The gunslingers could not see that the rot eating away at the fabric of their world was also at work upon the
khef
of their city, and upon the
khef
of their personal relationships. Roland’s father, Steven Deschain, is a prime example. Trained as he was in the ways of
char,
the waters of
khef
dried up in him, and around him. He was bound to his fellow gunslingers, his fellow human hawks, but the bond he had with his wife became arid and his relationship with his magician (who also happened to be his foremost councillor) was duplicitous. Even his relations with Roland—whom he obviously loved—were gruff and distant. The situation was no better in the castle, or the kingdom. Hax, the head cook, turned traitor, as did at least some of the guards. All bonds of loyalty were broken, there was no longer a sense of cultural
ka-tet,
so many turned away to serve the forces of the enemy. Farson’s propaganda about equality and democracy was only effective because it contained the grains of truth and exploited the alienation and anger of a society out of balance.

In the end, the gunslingers were destroyed and their city razed, its former castle becoming the filthy nest of a band of Slow Mutants. The forces of dissolution gained their coveted ground, and the universal waters of
khef
drew back a little more. With the fall of Gilead, the
ka-tet
of the Affiliation finally collapsed, and another part of the world stretched and unraveled.

As we have seen in the case of Steven Deschain, the reserved and isolated ruler who does not serve the greater
ka-tet
does not create the reciprocity and empathy needed to bind the parts of society into a whole. He is not behaving as a true
dinh
should. Although the disease predates him, and though he is, ultimately, another victim of the universal malaise, as the heir to the throne he carries the sins of both past kings and past kingdoms. As the center of cultural
ka-tet,
he must choose: either he must become the stable center of his kingdom and combat the malady of fragmentation or he must suffer the ultimate fate of his ancient forefathers. He can either perpetuate a cycle or pay penance, atone, and change. The disease of the land, and the disease of society, mirror the king’s
ka.
In order to reverse the spin of the wheel and halt the process of dissolution, the king must look into the world-mirror but see the reflection of his own face, and the faces of his fathers.

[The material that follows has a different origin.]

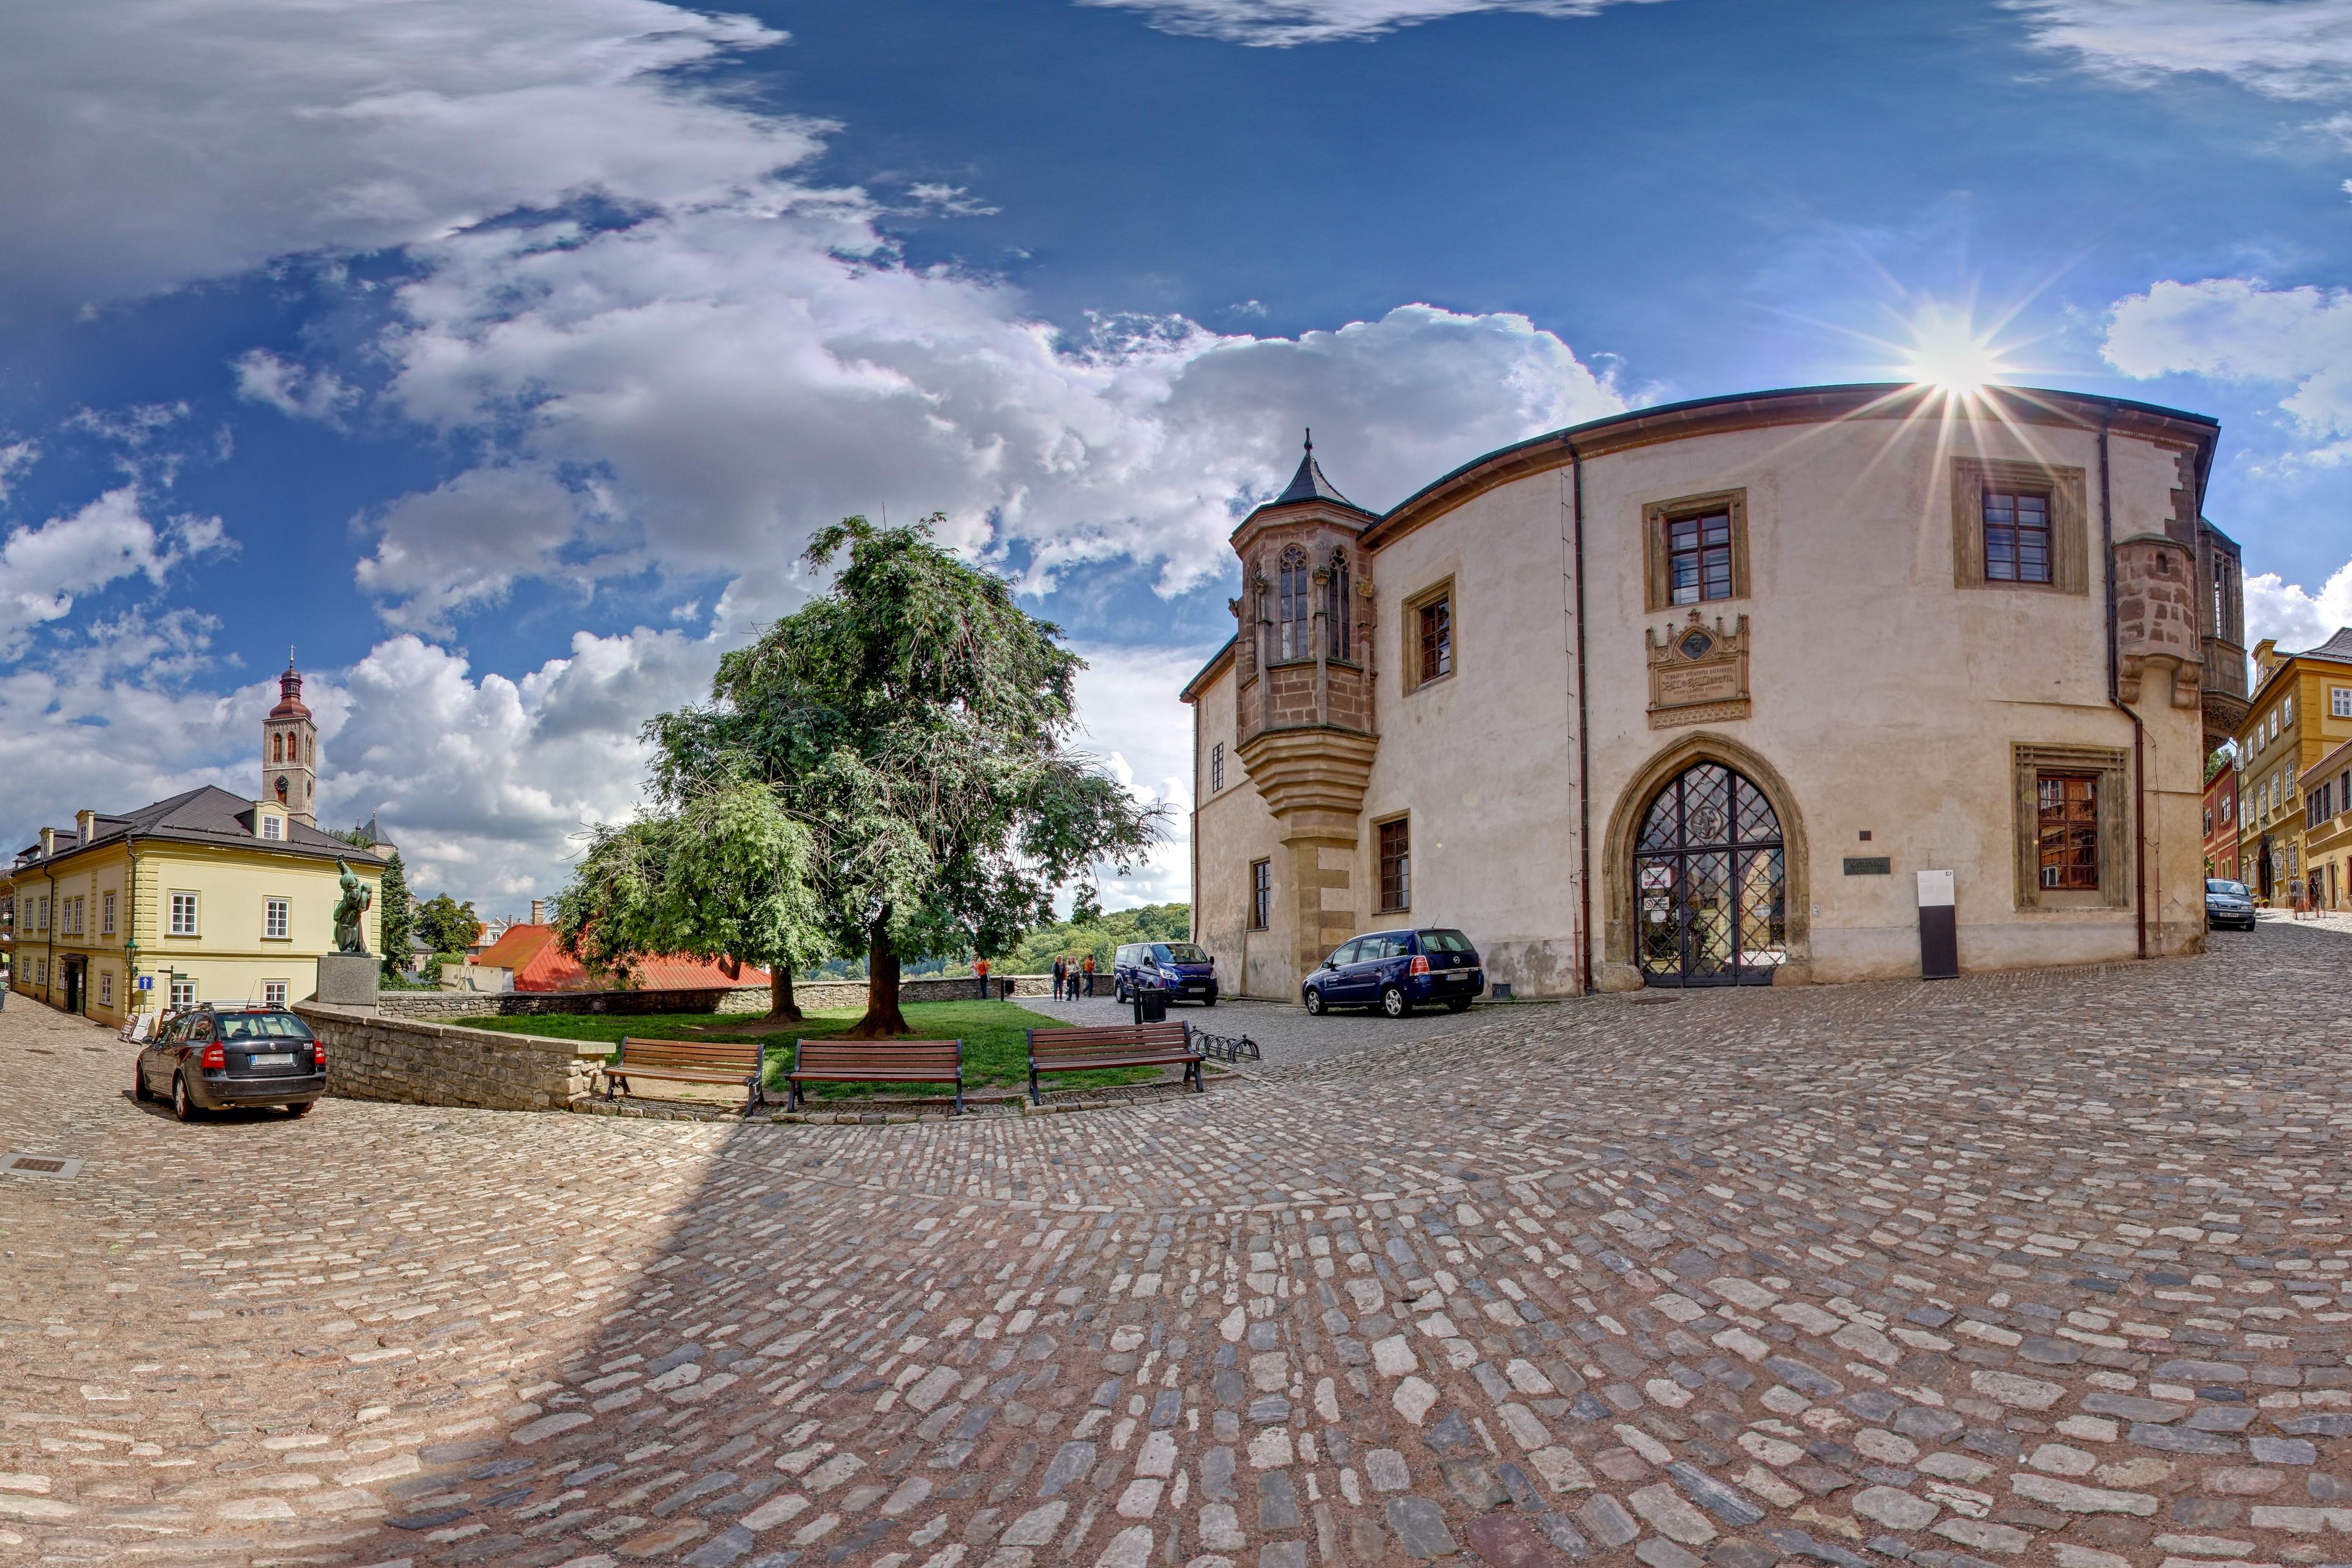 8409-ceske-muzeum-stribra-hradek-czech-muzeum-of-silver-hradek.jpg
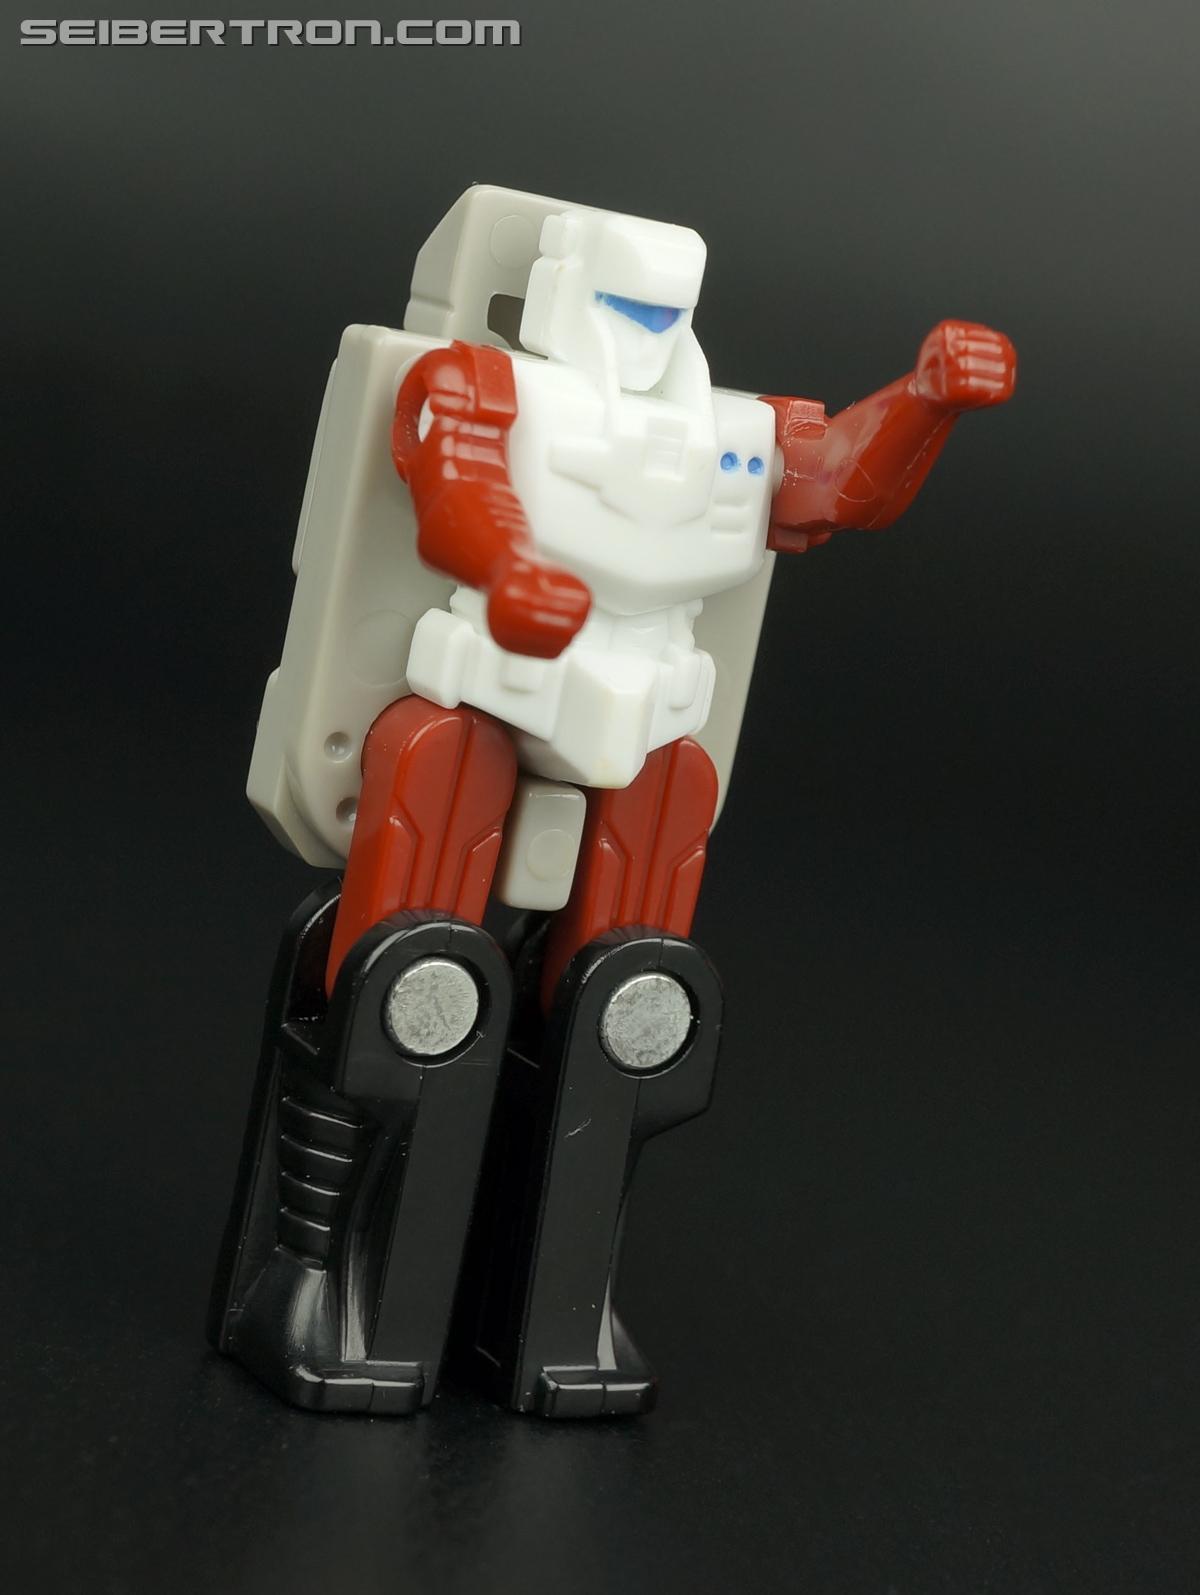 Transformers G1 1988 Hi-Q (Ginrai) (Image #64 of 76)

When we first meet Roland in
The Gunslinger,
he is an anti-hero every bit as much as he is a hero. He is a man willing to sacrifice the members of his
ka-tet
in pursuit of his personal vision, just as his ancestors justified the drying of
khef
in the name of “progress” or “necessity.” Susan Delgado, Roland’s first and only true love, burns on a Charyou Tree fire because he will not be swayed from his quest long enough to save her. Jake Chambers falls into the abyss beneath the Cyclopean Mountains because Roland refuses to pause in his pursuit of the Man in Black. Even Roland’s mother dies under his guns, those symbolic weapons of his fathers. As the trickster Walter hints during Roland’s tarot reading in the golgotha, unless he, the Hanged Man, occupies the symbolic, central place of the Tower—unless he surrenders to the need of the world and focuses on the forces of
khef
which unite him to The Prisoner, The Lady of Shadows, The Sailor—his
ka
will encompass only Death, not Life. Unless he reclaims his humanity—which is, by its very definition, benevolence and respect for the needs of life—he will never reach the Tower, he will only be oppressed by its weight.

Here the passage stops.